經一個月長途跋涉,至初冬時節,李鴻章行抵徐州,安下大營。曾國藩也自濟寧南來,李鴻章率員出郊,迎住老師。前年夏金陵一別,一年半過去,老師又蒼老了許多,兩眼昏花,形容憔悴,精神萎靡,讓人想起黎明枯燈,蠟成灰,燭將殘,一陣微風過去,都可吹熄。
老師此刻的心境,李鴻章最能理解。
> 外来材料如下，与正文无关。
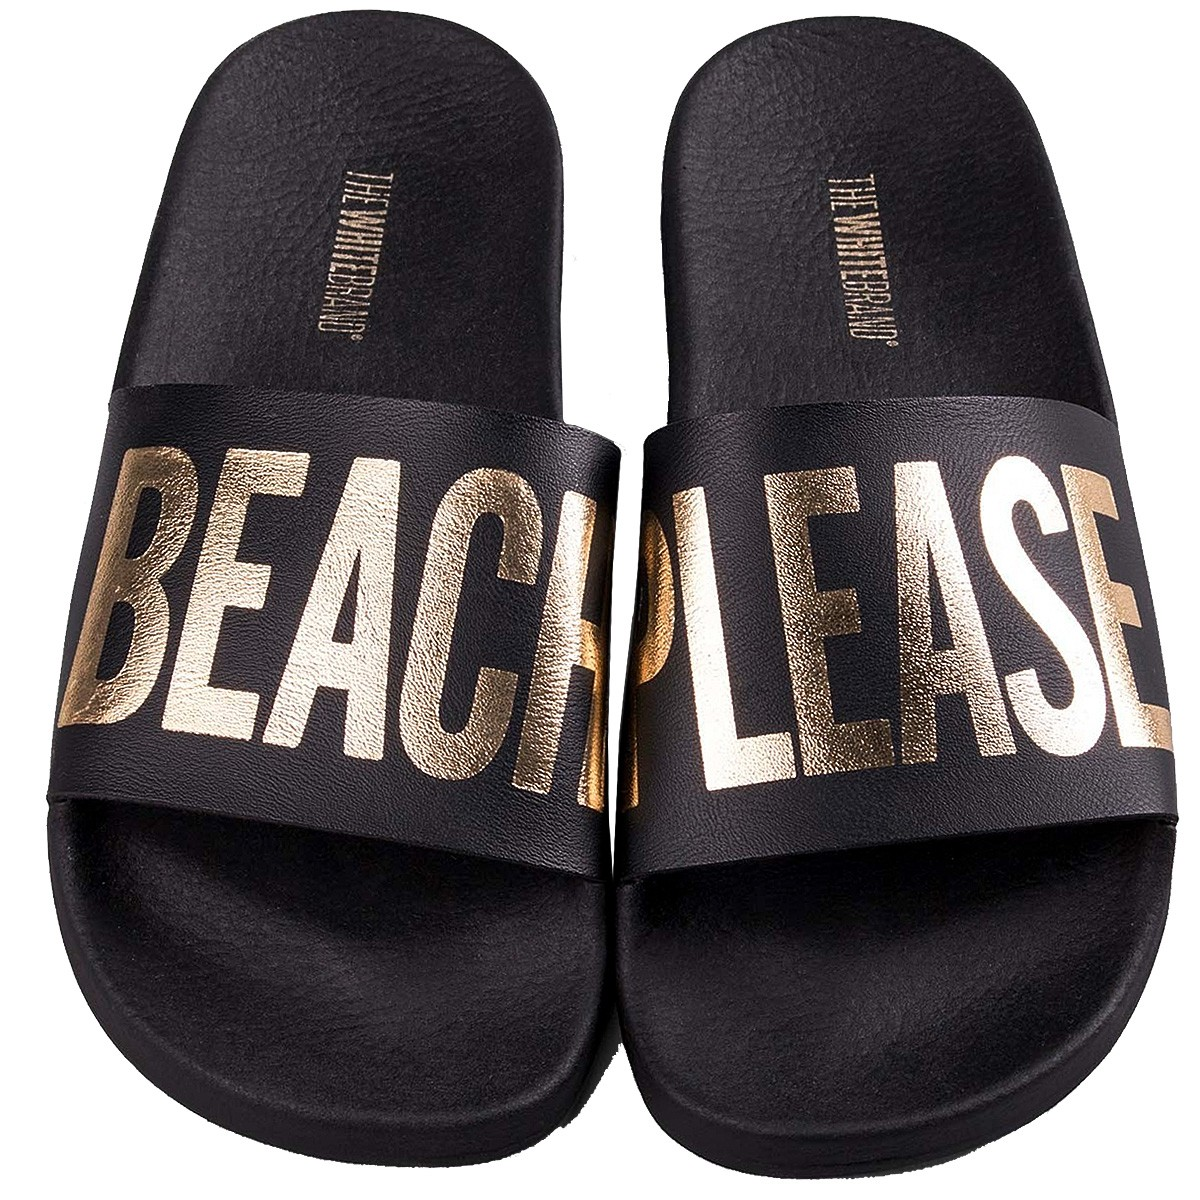 9e32dbd9c81e4 Platform The White Brand Beach Please Woman - Casual shoes

勞苦十多年,完勝太平軍,功德圓滿,一心想著見好就收,急流勇退,誰知僧格林沁戰死,朝命北上剿撚,三番五次請辭,沒能獲準,隻好硬著頭皮出征。宵衣旰食一年半,築牆掘河,圈撚軍於河南,正待聚殲之,開封牆破,功敗垂成。驚悚之餘,欲借李鴻章和曾國荃之力共剿頑敵,將功補過,怎奈騰章四起,謗議盈路,朝廷也失去信任,下令交篆走人,自己懇請留營效命,做個散員,都不給麵子,叫人情何以堪?
見到李鴻章,曾國藩更是百感交集。一時間老淚縱橫,真想趴到學生肩頭,痛痛快快哭上一場。然畢竟男兒有淚不輕彈,何況還是頂天立地的大英雄,曾國藩不至於脆弱如此,隻抬臂揉揉雙眼,說:“老啦,不中用啦,一見風,兩眼就止不住流淚。”
李鴻章聽著,心酸不已。讓一個風燭殘年的老人,指揮別人練成的軍隊,在各懷私念的五省督撫治地剿撚,本來勝算就小,如今撚軍突圍而去,想重振旗鼓,與敵再戰,挽回顏麵,朝廷死活不準,非逼著交篆卸任不可,實在太過殘酷。李鴻章想安慰幾句,都不知從何說起,隻得將老師扶進大轎,自己按轡隨侍,護其入城,住進早清掃幹淨的背街大屋,安頓下來。
接下來的日子,李鴻章布置好徐州防務,有空就走進大屋,陪老師喝茶聊天,偶爾圍上兩局,打發時光。欽差關防還在老師手裏,李鴻章幾次觸及剿撚話題,想暗示他盡快移交,都被他用話岔開。關防沒到手,又怎麽調度各軍和五省督撫呢?李鴻章心裏幹著急,卻怎麽也開不了這個口,怕惹老師不樂。